I have long thought that people often almost accidentally take their feelings to be their considered positions, without having an extra step of considering them. I take this as a bit more evidence, but it is also possible that my earlier theory just made this kind of  observation stand out, and there are lots of observations in the world to observe.

4 responses to “Fear or fear?

  1. My guess is that the use of “fear” to mean mere prediction of bad things comes from a metaphorical extension of the word for the affective fear response, since that typically coincides with anticipating bad things.

  2. I think the ambiguity between the two senses is deliberate in this case.

    Yes, sometimes we use “I’m concerned that X” to merely mean “X is a possibility/likelihood” but usually that phrasing is adopted when we want to convey “X isn’t improbable and I want to acknowledge it is bad/disturbing/etc…”

    For instance in a (infamous) argument I had with my wife early in our relationship she took my vociferous argument about the presumption of innocence in date rape allegations to imply that I didn’t think it was a big deal if date rapists got away with it*. Had I been aware of this potential misinterpretation I would have said something like, “I’m concerned that all a date rapist must do is offer a plausible consensual story” to signal that while that fact justified my argument it was a very unfortunate one.

    Given this usage the ambiguity with actual fear is intended.
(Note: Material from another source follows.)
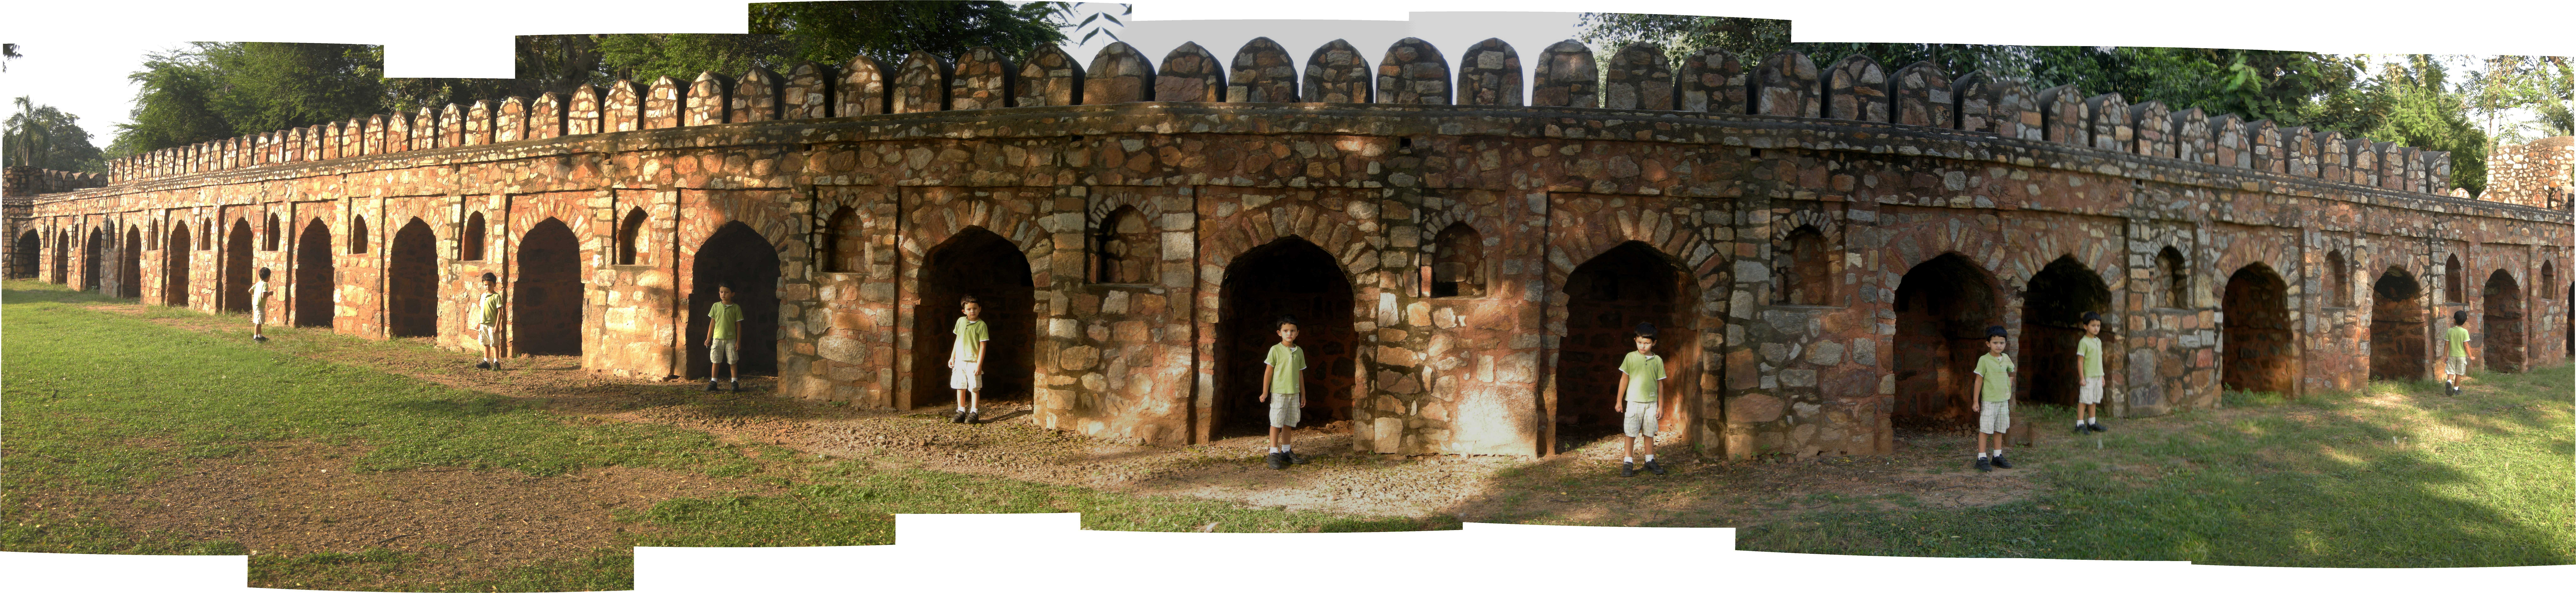 Rahil in Isa Khan enclosure at Humayans Tomb (3 Oct 2010)

My wife actually feared that the law didn’t sufficiently deter date rape so to signal that I wasn’t dismissing that fear it is most effective to use the same language I would use if I was personally (as opposed to merely morally) afraid of the same thing.

    I don’t think this is just an isolated anecdote. Consider Hanson’s point about the social taboo of predicting that discrimination will increase in the future (or any other socially undesirable thing). Many people will take the fact that you are suggesting something is likely (especially in the future) to imply that you think it is good (or at least not bad). Hence to deflect such implications one adopts the same language one would use to signal a fear.

    —–

    *: Luckily in the real world this doesn’t mean it is easy to get away with date rape. Given the ability to raise credibility evidence, e.g., incompatible accounts texted/told to friends, and evidence that the story was unlikely the adversarial process can usually produce sufficient information to warrant convicting the guilty clearly even in date rape cases. My actual point was slightly different.

  3. A shorter version would be:

    People adopt language that is ambiguous between two interpratations because context usually lets the listener infer the true intent while the ambiguity lets the speaker signal the emotional/value judgement/etc.. implicit in the other usage. This seems to be an instance of this phenomena.

  4. I’ve read this and your last post with interest, and then realised that I speak Spanish, which does somehow distinguish between the two types of “I want” (“quiero quedarme aquí” and “querría quedarme aquí”). As for the blank, I would fill it with “I am concerned that…”.